The constructor correctly relies on the assertion-based validation in PagesPool::Allocate. If allocation fails, the program aborts before reaching this code, so page_.Ptr() is guaranteed valid when used.

src/storage/index_page_manager.cpp (1)

51-53: LGTM! Simplified allocation logic.

The change from explicit unique_ptr construction and push_back to emplace_back is cleaner and correctly assigns the newly created page to next_free.

tests/batch_write.cpp (4)

130-130: LGTM! Tightened buffer constraint for OOM test.

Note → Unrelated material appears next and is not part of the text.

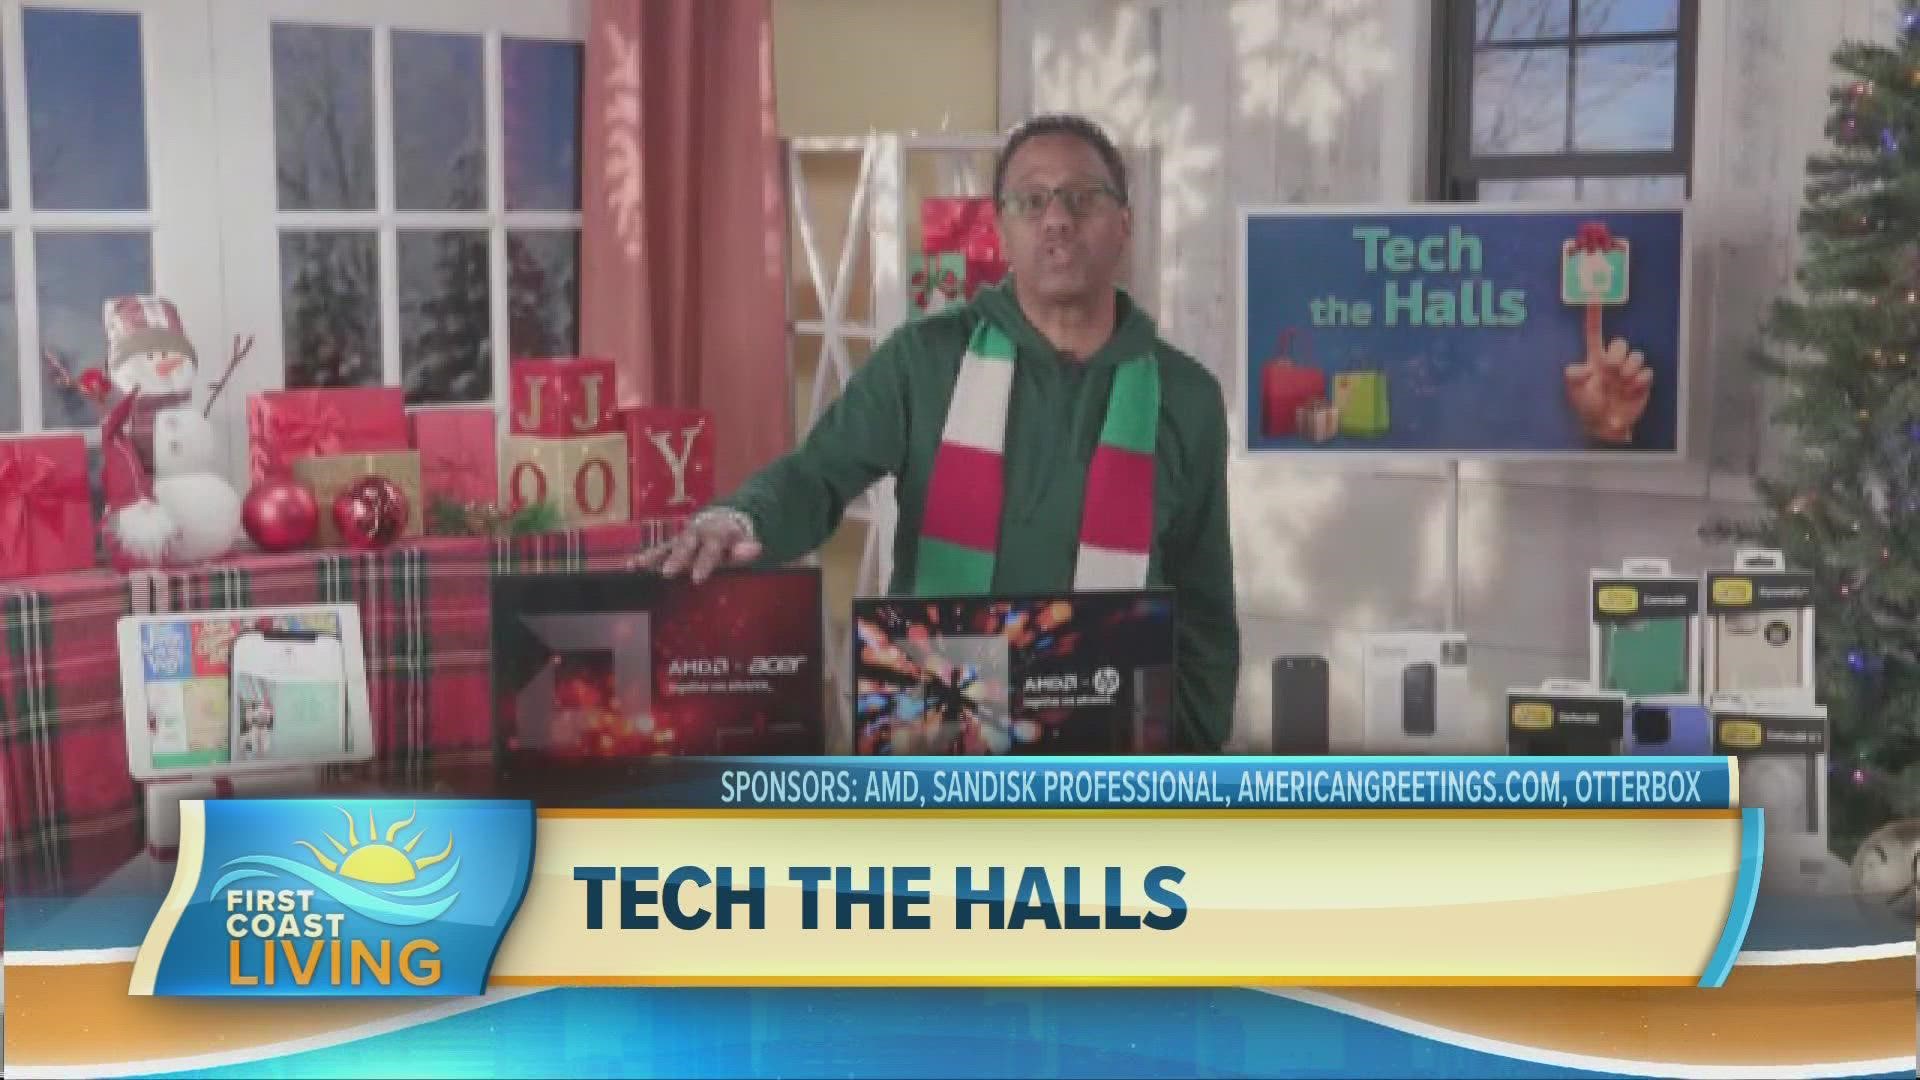 Award-winning Digital Lifestyle Contributor, Mario Armstrong helps us tech the halls with some of the top tech gifts and ideas.

Setting buffer_pool_size = 4096 (equal to data_page_size) correctly constrains the buffer pool to a single MemIndexPage, which is necessary to trigger the OutOfMem condition being tested.

---

164-164: LGTM! Increased initial entries for abort test.

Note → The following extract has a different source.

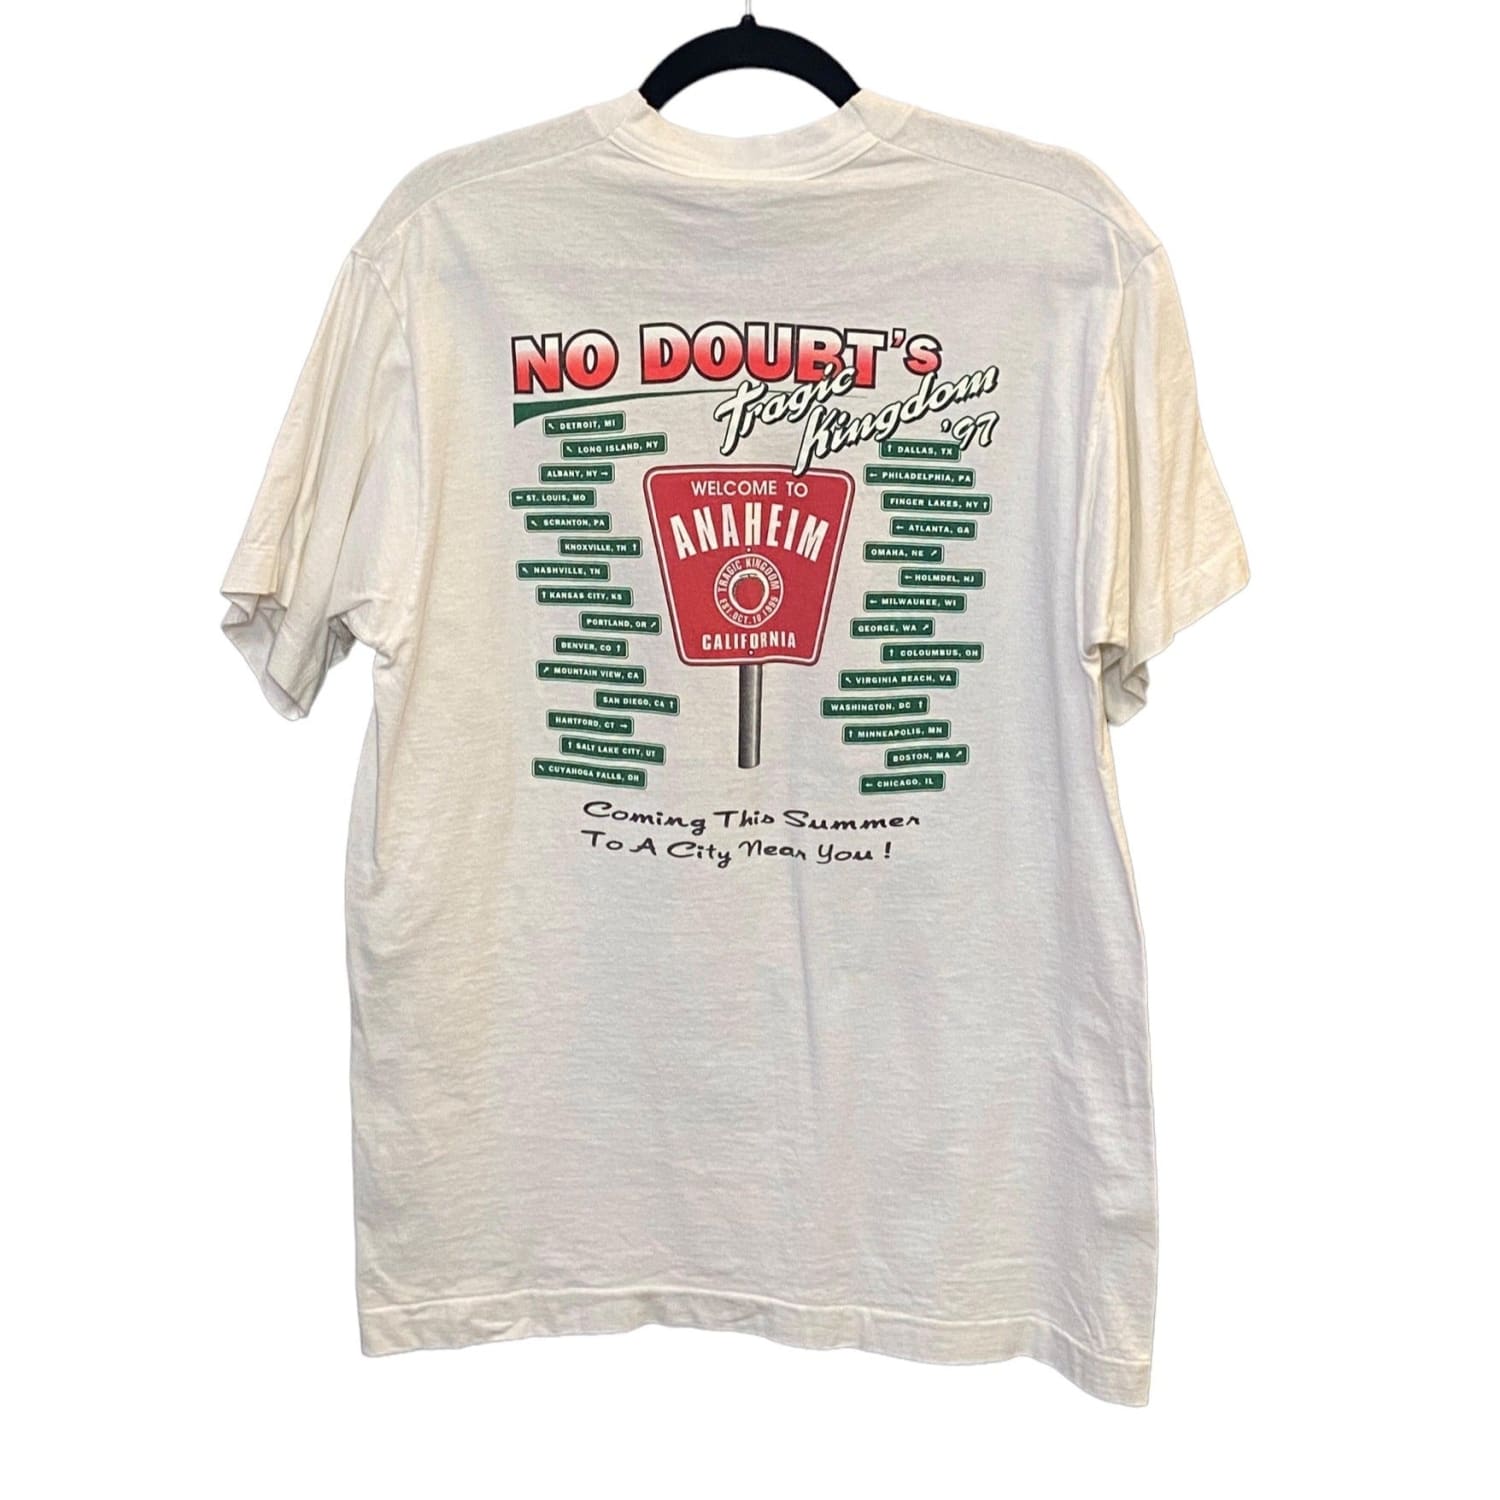 No Doubt 1999 Tee 90s Baby - Style - Vintage - Music Tour -

Using 4 entries with large values (3500 bytes each) ensures the first write establishes enough state to pin pages before the second write triggers the OOM condition.

---

190-191: LGTM! Reasonable buffer sizing for concurrent partition test.

The buffer pool of 4096 * 400 pages provides sufficient capacity to test 3000 partitions while still allowing some OOM conditions to occur under contention.

---

317-317: LGTM! Minimal buffer for stress test.

Setting buffer_pool_size = opts.data_page_size creates a single-page buffer that maximizes memory pressure, appropriately stressing the abort and cleanup paths.

src/tasks/batch_write_task.cpp (4)

1041-1042: LGTM! Simplified redistribution call.

The change from std::pair<Page, KvError> to direct Page return is cleaner. The Page class handles allocation internally, and failure can be detected by checking Page::Ptr() if needed.

---

1050-1050: LGTM! Direct page allocation.

Using Page(true) directly in SetPage is straightforward. Per the Page constructor in src/storage/page.cpp, passing true allocates from the page pool.

---

1371-1372: LGTM! Inlined OverflowPage construction.

Constructing OverflowPage directly in the WritePage call is cleaner than creating a temporary variable. The OverflowPage constructor (per src/storage/data_page.cpp lines 523-553) handles Page(true) allocation internally.

---

1396-1396: LGTM! Consistent with the pattern above.

Same inline construction pattern for OverflowPage without pointers.